Leonardo, velho amigo Léo, antigo parceiro de sinuca e de paquera, únicos jogos que nos levavam a campo, surge como fantasma perdido, com ar de assombro, saindo de uma agência da Caixa, na Torre. Ele me viu primeiro e gritou por trás dos óculos, reconhecendo-me.
Ah quanto tempo, hem Léo!
Vínhamos da noite, descíamos do bonde na esquina da Juarez Távora com a Maroquinha Ramos, onde, uma casa depois da outra, nos recolhíamos. Aí Léo ganhou o Sul, se fez por lá, e depois de uns cinquenta anos, isto, meio século, acha de cruzar com meus passos numa rua que, sem sair do lugar, não é mais a Adolfo Cyrne, ponto da marinete do velho Orlando, pai de sua namorada.
Foi mais fácil reconhecer você do que reconhecer a Torre. Tem nada a ver com a que levei comigo.
Está de bengala, mas firme, o aperto de mão ainda forte, de punhos cheios, a bengala me parecendo mais um hábito do que uma escora.
Pediu notícias de Sales, era como chamávamos Pontes da Silva, o bibliófilo, artista gráfico, professor, editor e livreiro que a Paraíba conheceu, filho de um marceneiro que fabricava violinos, oficina e morada na nossa rua.
E compreendi aquele ar de espanto de Léo, apurando as vistas na avenida igual a todas as grandes vias movimentadas do mundo. Pisando incerto como se lhe faltasse terra nos pés. Expulsaram a Torre do seu habitat. A Torre da minha primeira crônica não cabia de mangueiras, jaqueiras, trapiás, ariticuns, fruta-pães, o pomar que eu tinha deixado nas terras da infância.
No nosso tempo, de vez em quando apontava, arrastando-se de algum terreno baldio ou fundo de quintal, um jipe, um Ford ou Chevrolet 47 ou 48 que a Torre saía juntando as peças, independente de marca, e conseguia dar tração, apitar e sair riscando o massapé da rua. A marinete do velho Orlando, que puxava de uma perna, ela e não ele, foi totalmente "made in Torre". Como foi da Torre a primeira luneta astronômica a demarcar no infinito andar de cima as terras que não tivemos cá embaixo. Digo tivemos, mas o rastreador mesmo era Onildo, pai de Sílvio e Jairo Osias. Torre de Zé Bezerra, Walter Santos e, até o mês passado, de Serafim Rego Filho.
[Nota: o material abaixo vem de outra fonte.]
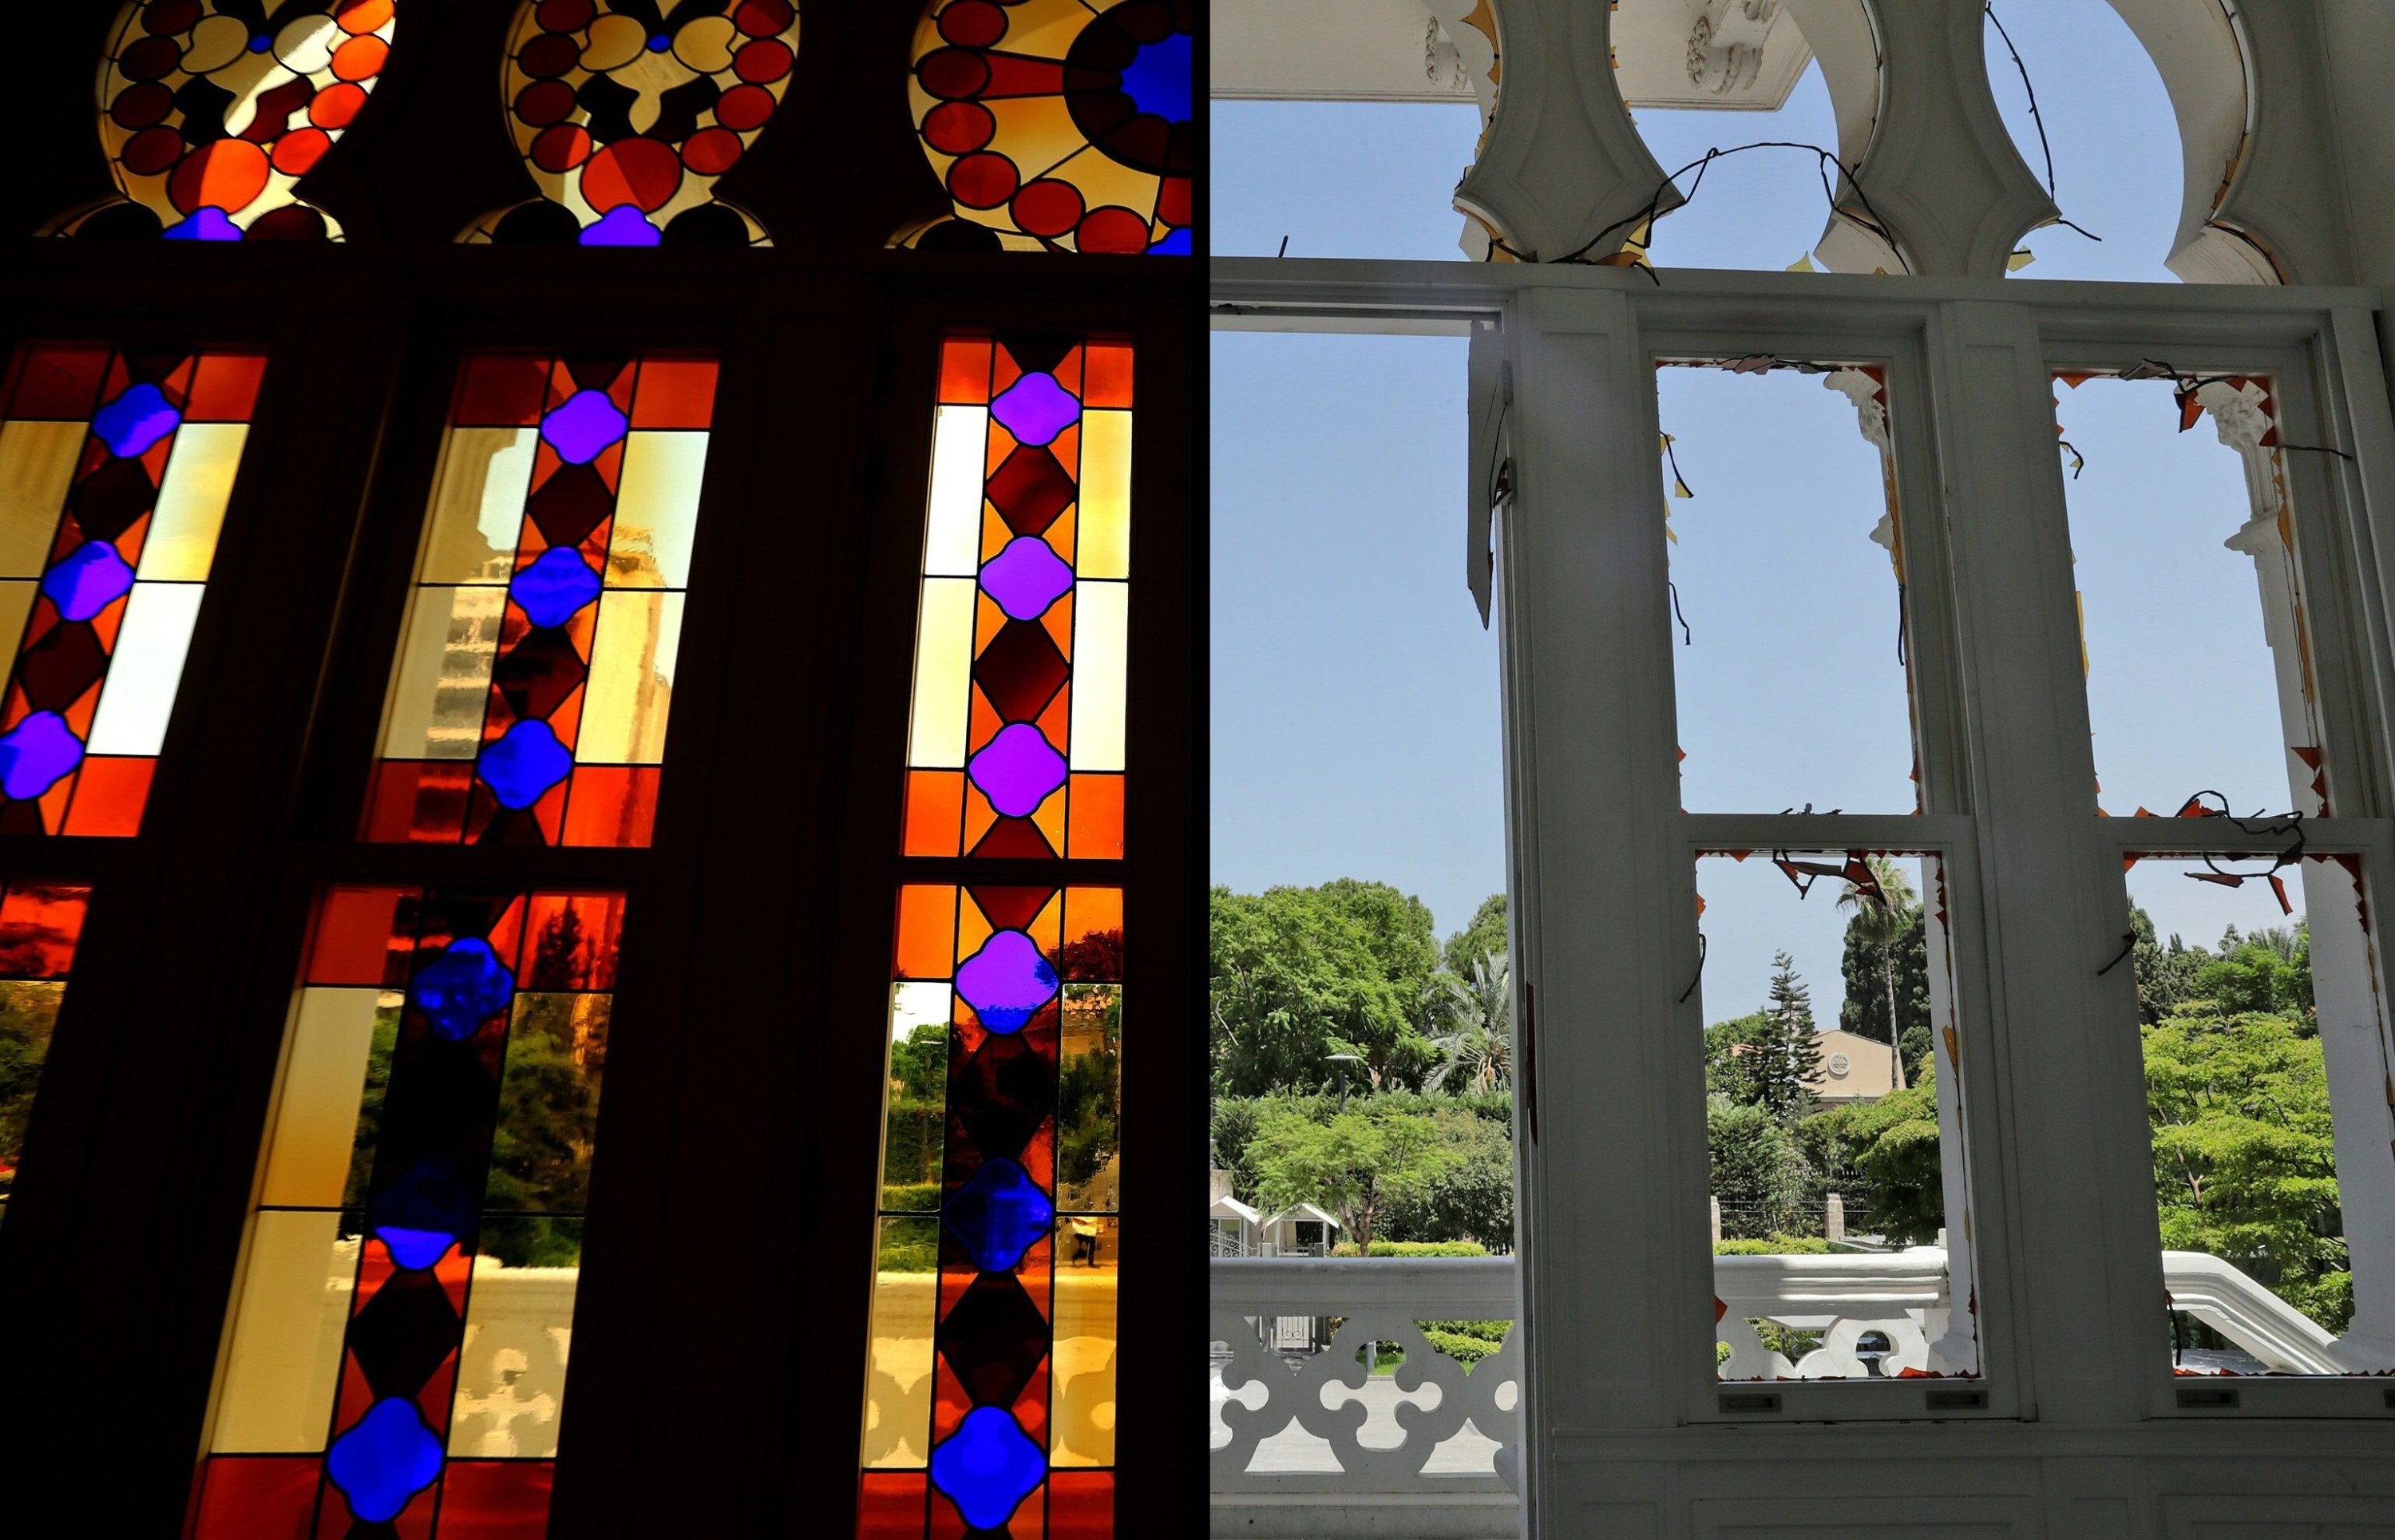 This combination of pictures created on Aug. 10, 2020 shows (L) a view of the stained glass windows at the Sursock Museum in Lebanon's capital Beirut on Oct. 5, 2015; and (R) an image of the museum taken on Aug. 8, 2020, showing the empty windows after their stained glass was broken in the aftermath of the massive blast at the Port of Beirut (AFP Photo)

Torre generosa de terra e de homens. Mário Di Láscio me contou: Todo o sítio que recebe esse nome, com alguns arruamentos que o progresso foi adensando, pertencia a Manuel Deodato. Joaquim Torres era o encarregado da administração, quem autorizava a construção de casas, quem cobrava o aluguel, quem admitia e quem despejava.
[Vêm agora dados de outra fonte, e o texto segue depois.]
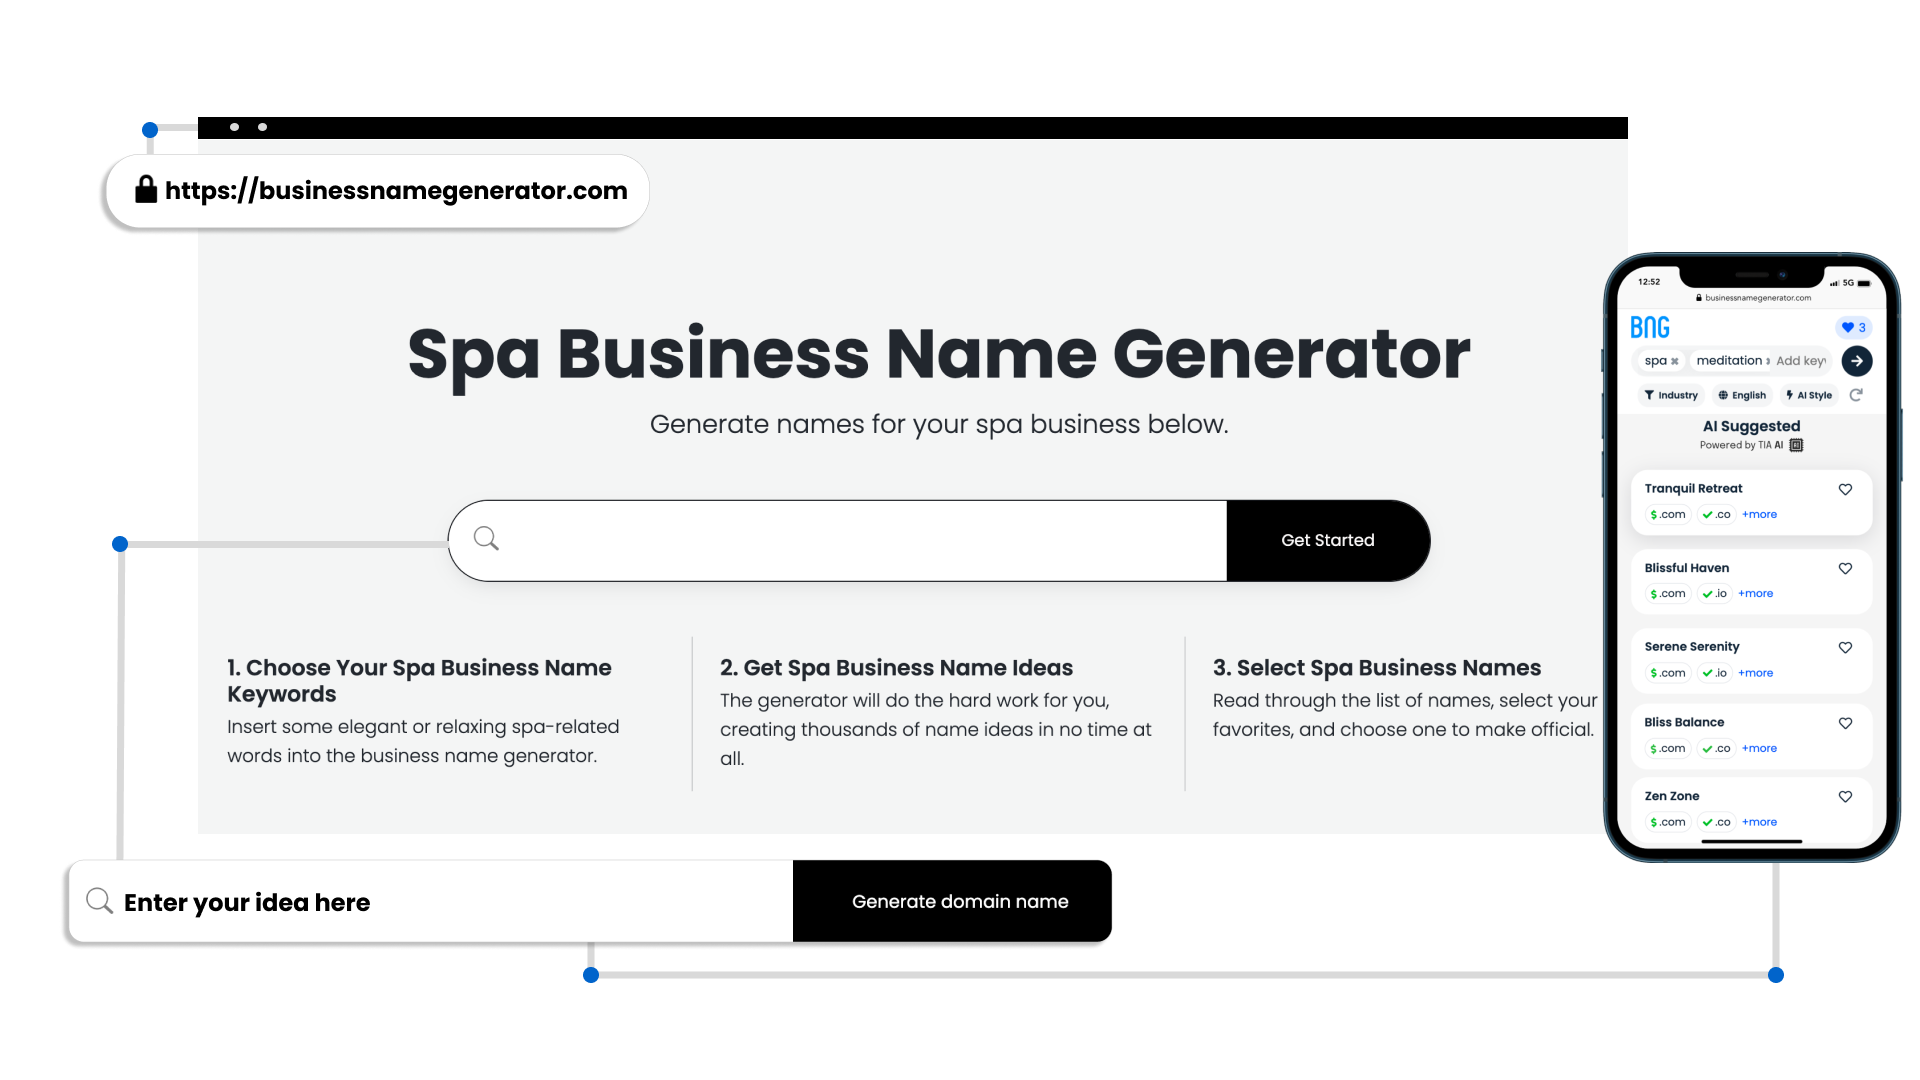 Benefits of Our Spa Name Generator

Despejava, não, que só a muito custo ele chegava a esses extremos. Mesmo na função de cobrador, era Seu Joaquim quem intercedia junto ao proprietário em favor do inquilino em atraso, quem pedia paciência ou quem reivindicava uma melhoria do imóvel. Seu Joaquim morreu e os foreiros e inquilinos de Manuel Deodato fizeram um abaixo-assinado ao Conselho Municipal sugerindo que o nome do subúrbio recebesse o seu nome. Assim nasceu a Torrelândia.
Depois, quando morreu o velho Deodato, o dono de tudo, a Câmara resolveu compensá-lo, e pôs seu nome numa das ruas do bairro de Seu Joaquim.